The GPU is called the device; the CPU and the rest of the system are called the host. The host is in control of the system memory and other peripheral hardware, including the device itself. The device has its own architecture and memory, often (but not always) separate from the system memory. The device is not able to control things such as hard drives, system RAM, or any other peripherals; this is all the domain of the host.

In computer systems where the device is on-board (i.e. included as part of the original build hardware and not added as an expansion card of some kind), it may share some of the main system memory. In these circumstances, the operating system and graphics driver may partition some of the system memory for specific use by the device as graphics RAM. This memory effectively becomes dedicated graphics RAM; it is programmed in exactly the same way as physical graphics RAM. For the remainder of this book, however, I will assume that this is not the case and that the device has its own dedicated memory.

The device communicates with the host through the PCI bus as shown in Figure 3.1.

Device and Host

Figure 3.1: Device and Host

All communication between the host and the device passes through the PCI bus. The host is able to read and write its own system RAM as well as the device RAM through special CUDA API function calls. The device can also read and write device RAM but it has an additional hierarchy of other memory spaces, which we will examine in detail.

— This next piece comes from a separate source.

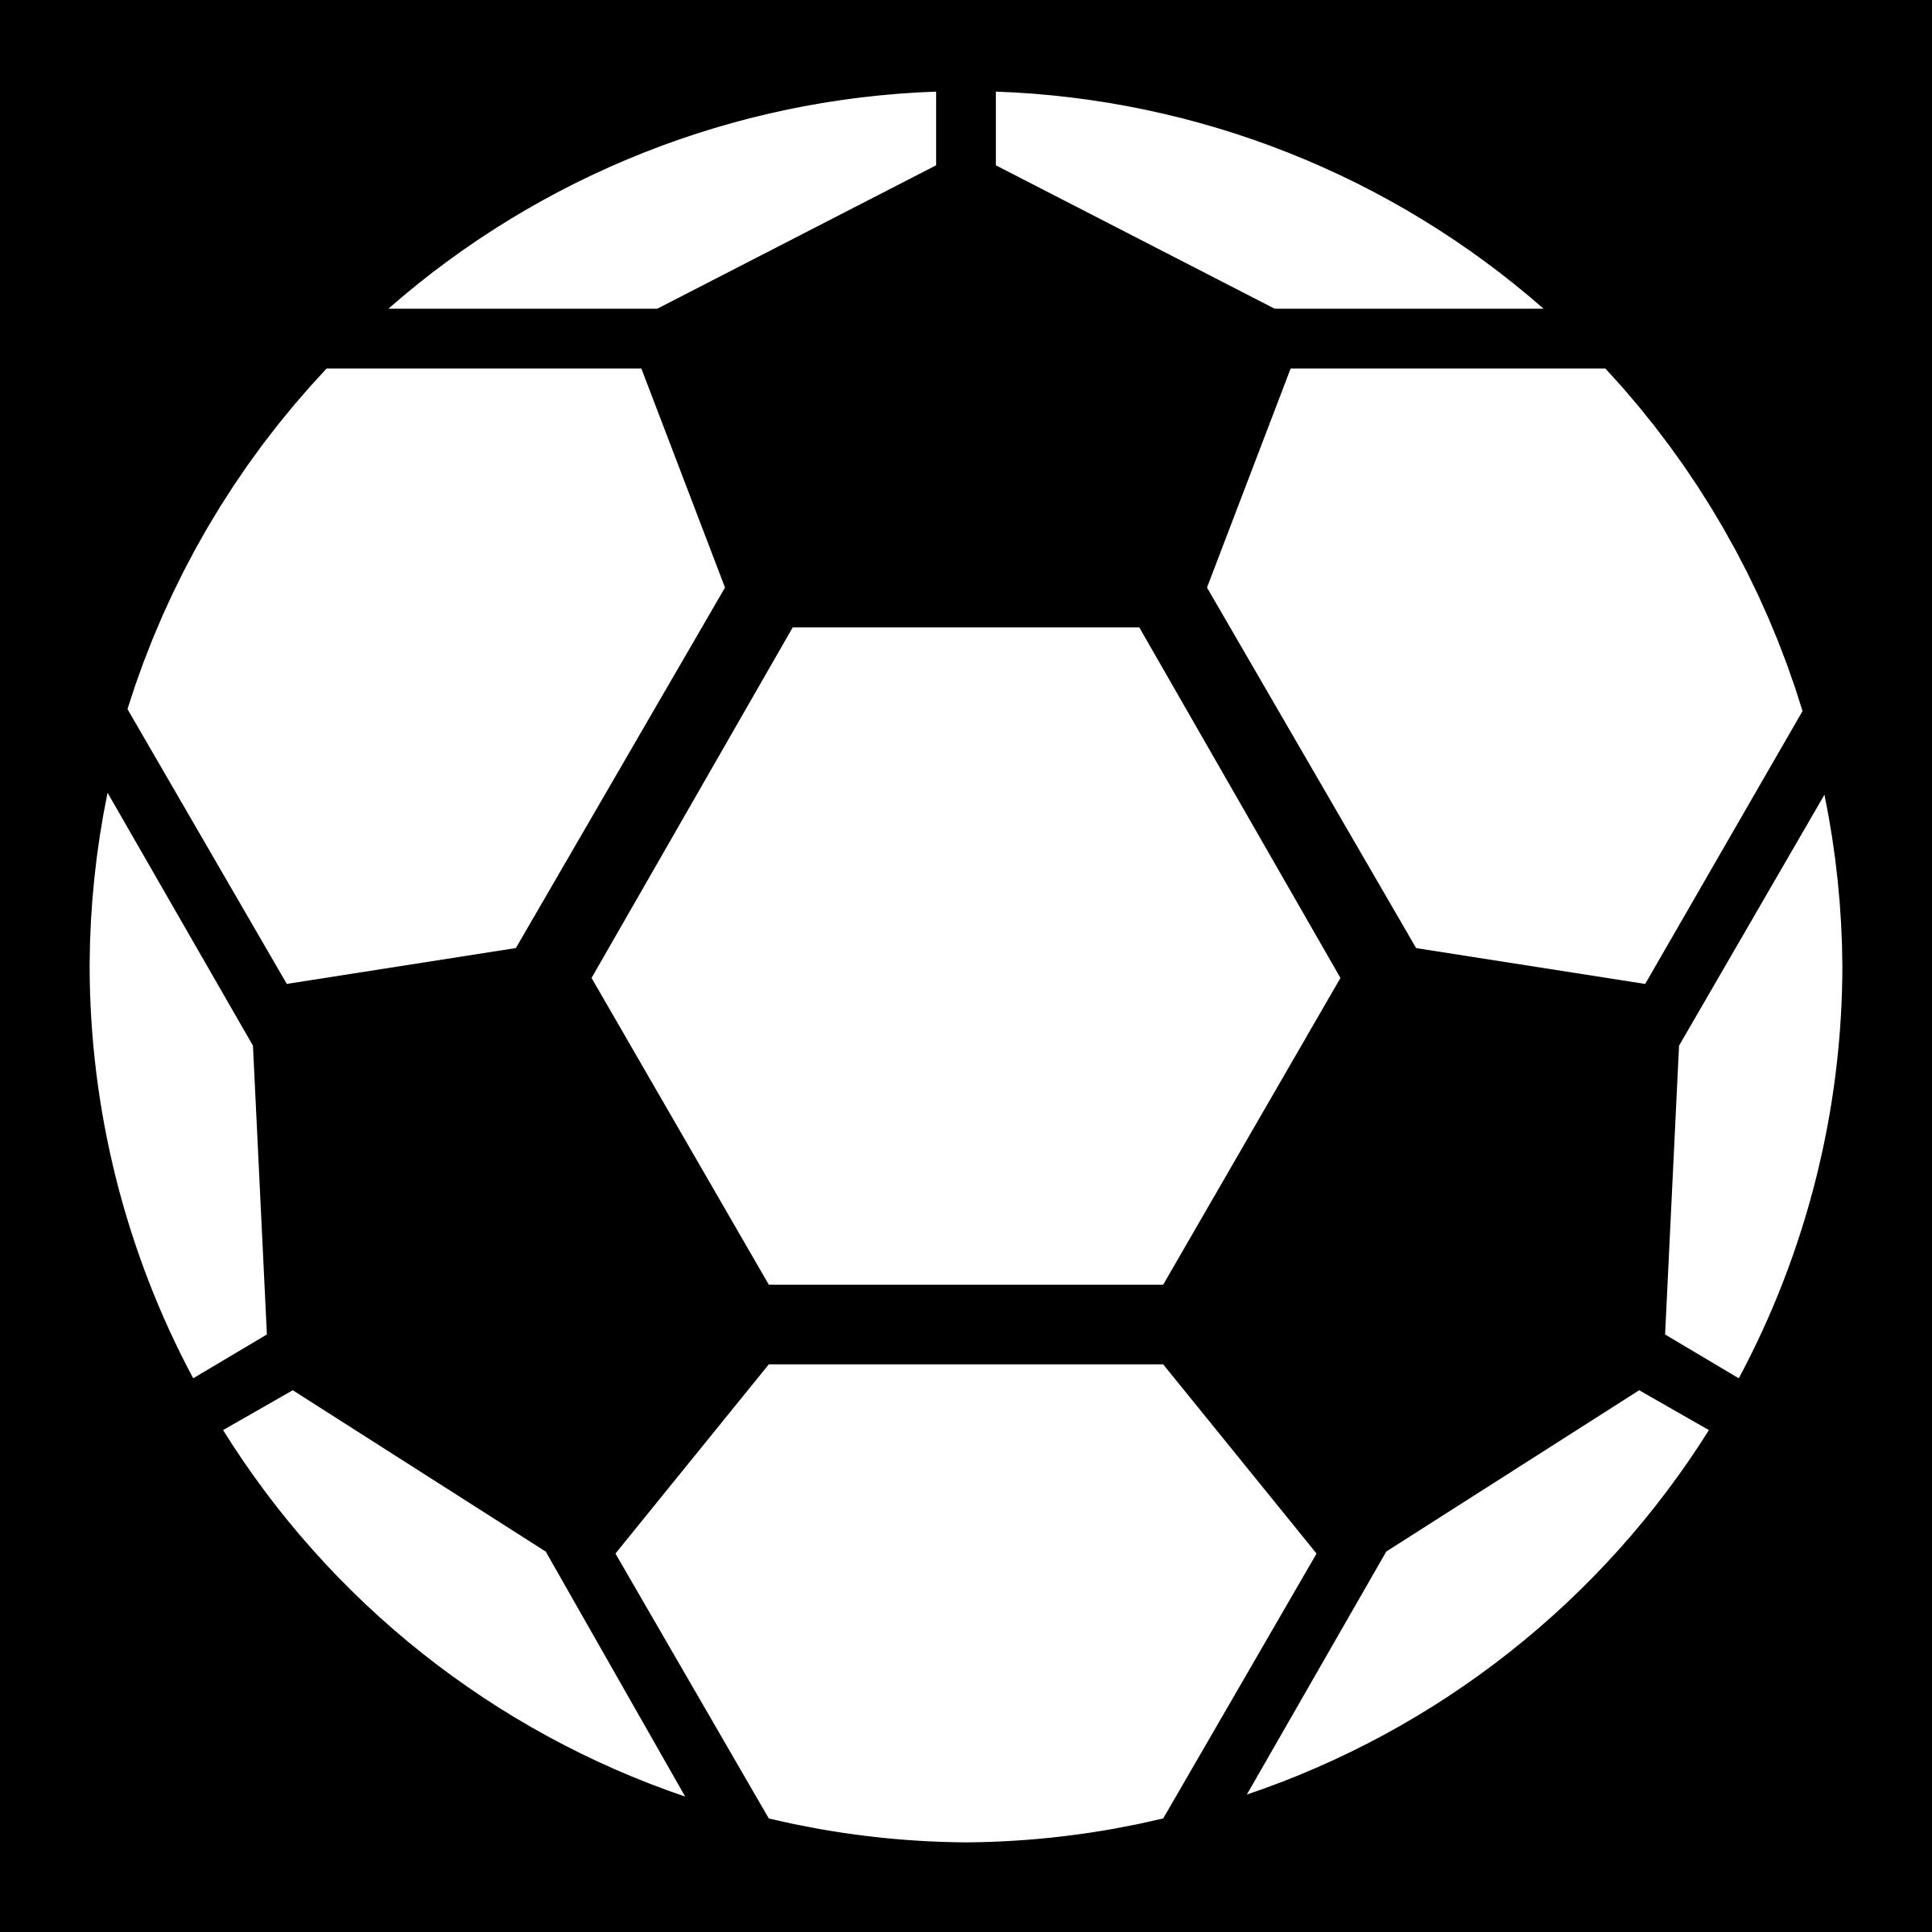 Simple clipart soccer ball Ball Clipart clipartcow soccer clip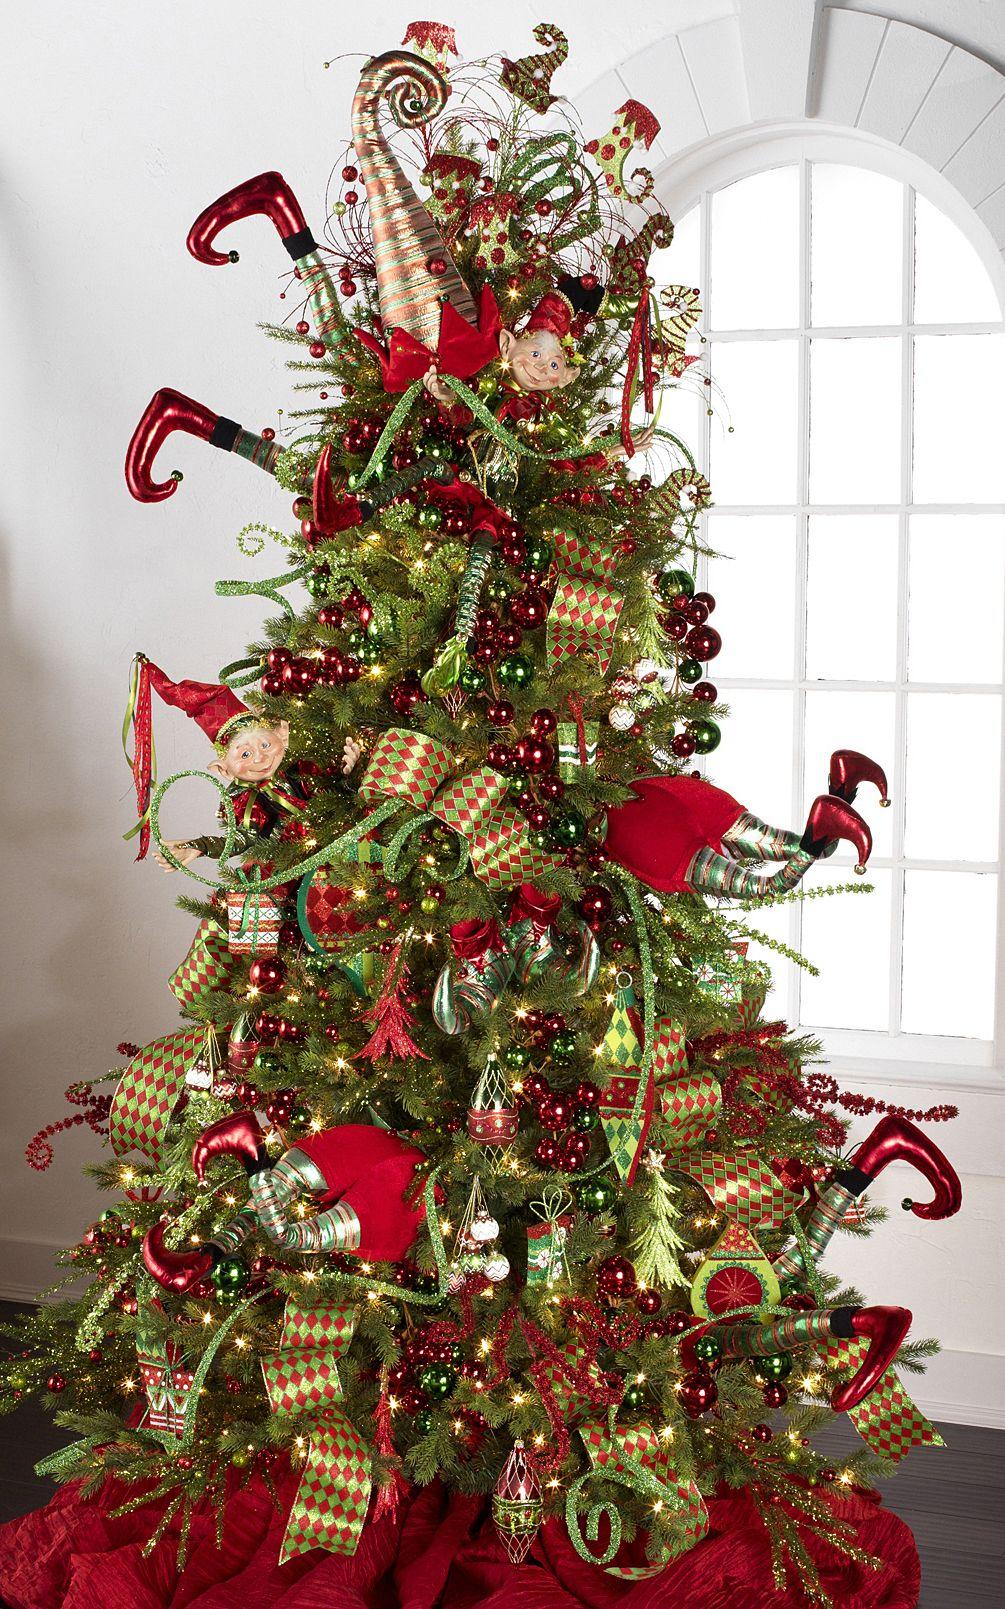 RAZ Imports 2015 - Merry! Merry! Merry! Tree | Whimsical ...

The device RAM pictured in Figure 3.1 is often a special, fast type of DDR RAM (double data rate) called graphics DDR (GDDR). This main memory area of the device is often quite large (one or more gigabytes is not uncommon today). The amount of this device RAM is often cited as “dedicated graphics RAM” in the specifications of a GPU. As mentioned, in systems without dedicated graphics RAM, the device RAM will actually be a portion of system RAM and only separated conceptually. Usually, the device’s RAM chips sit on the device itself and the only communication channel to the host is the PCI bus socket on the motherboard the device is plugged into.

Kernels, Launch Configurations, and dim3

Kernels

CUDA kernels are functions that are designed to be executed by the device. They usually differ from regular host functions in that they are meant to be executed by many threads simultaneously. The host tells the device to run kernels by using something called a kernel launch. A kernel launch is similar to a regular C function call, only it has a launch configuration beside the function’s name. Listing 3.1 shows a kernel launch.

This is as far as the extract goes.